On February 6, the European Commission presented its proposal for an ambitious 90 percent reduction in greenhouse gas emissions by 2040. It initiates discussions on the necessary measures to create an environment conducive to significant CO2 emissions reduction, aligning with Europe’s 2050 climate-neutrality objective. However, the challenges of achieving this goal while maintaining global competitiveness for European industries cannot be overlooked.

In this context, Glass for Europe releases its video “Support energy and carbon efficiency of industrial process”, whose topic is one of the priorities of its 2024-2029 manifesto series. It is meant to inform discussions that must be at the heart of the next mandate of the European institutions.

The video features insights from industry executives Davide Cappellino (AGC Glass Europe) and Joana Arreguy (Saint-Gobain), as well as Bertrand Cazes, Secretary General of Glass for Europe. They discuss the flat glass industry’s efforts to reduce emissions and the accompanying challenges. While investing in new technologies and scaling up recycling practices pose significant economic, technological, and industrial challenges, Glass for Europe advocates for a set of measures and EU policies to facilitate the industry’s transition.

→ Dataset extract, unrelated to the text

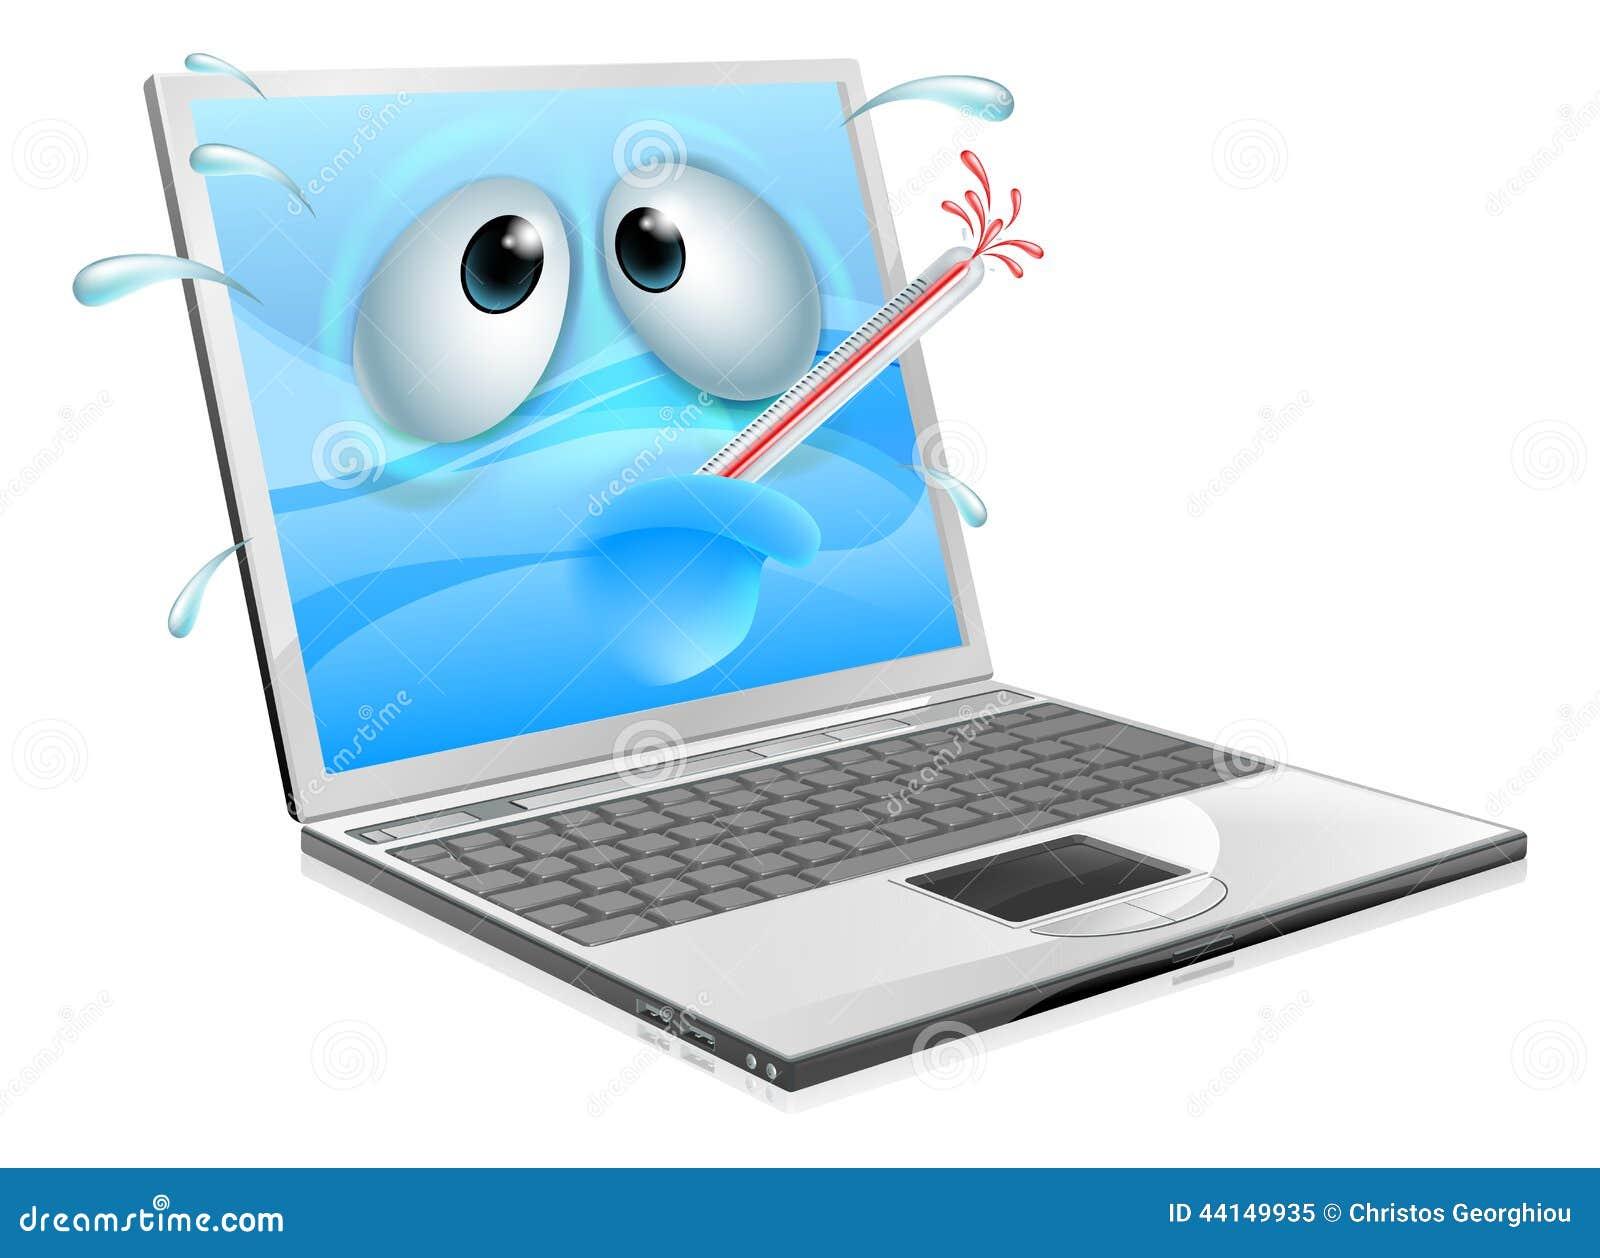 Broken computer cartoon

Amidst the current economic and geopolitical context hurting European industry, Maroš Šefčovič, Executive Vice-President for the European Green Deal, emphasizes the need to avoid the “very real risk of deindustrialization and social tensions”. To ensure that manufacturing sites can remain in Europe and to accompany the flat glass industry in its transformation, Glass for Europe suggests the following policies:

  1. To massively invest in the production and infrastructure of low-carbon energy sources to ensure their long-term availability and affordability.
  2. To ensure the proper functioning of the carbon market post-2030.
  3. To de-risk investments in innovative flat glass manufacturing technologies.
  4. To make EU-made low(er) carbon products more attractive and to guarantee a real level-playing field so that European products can compete on an equal footing with imported products.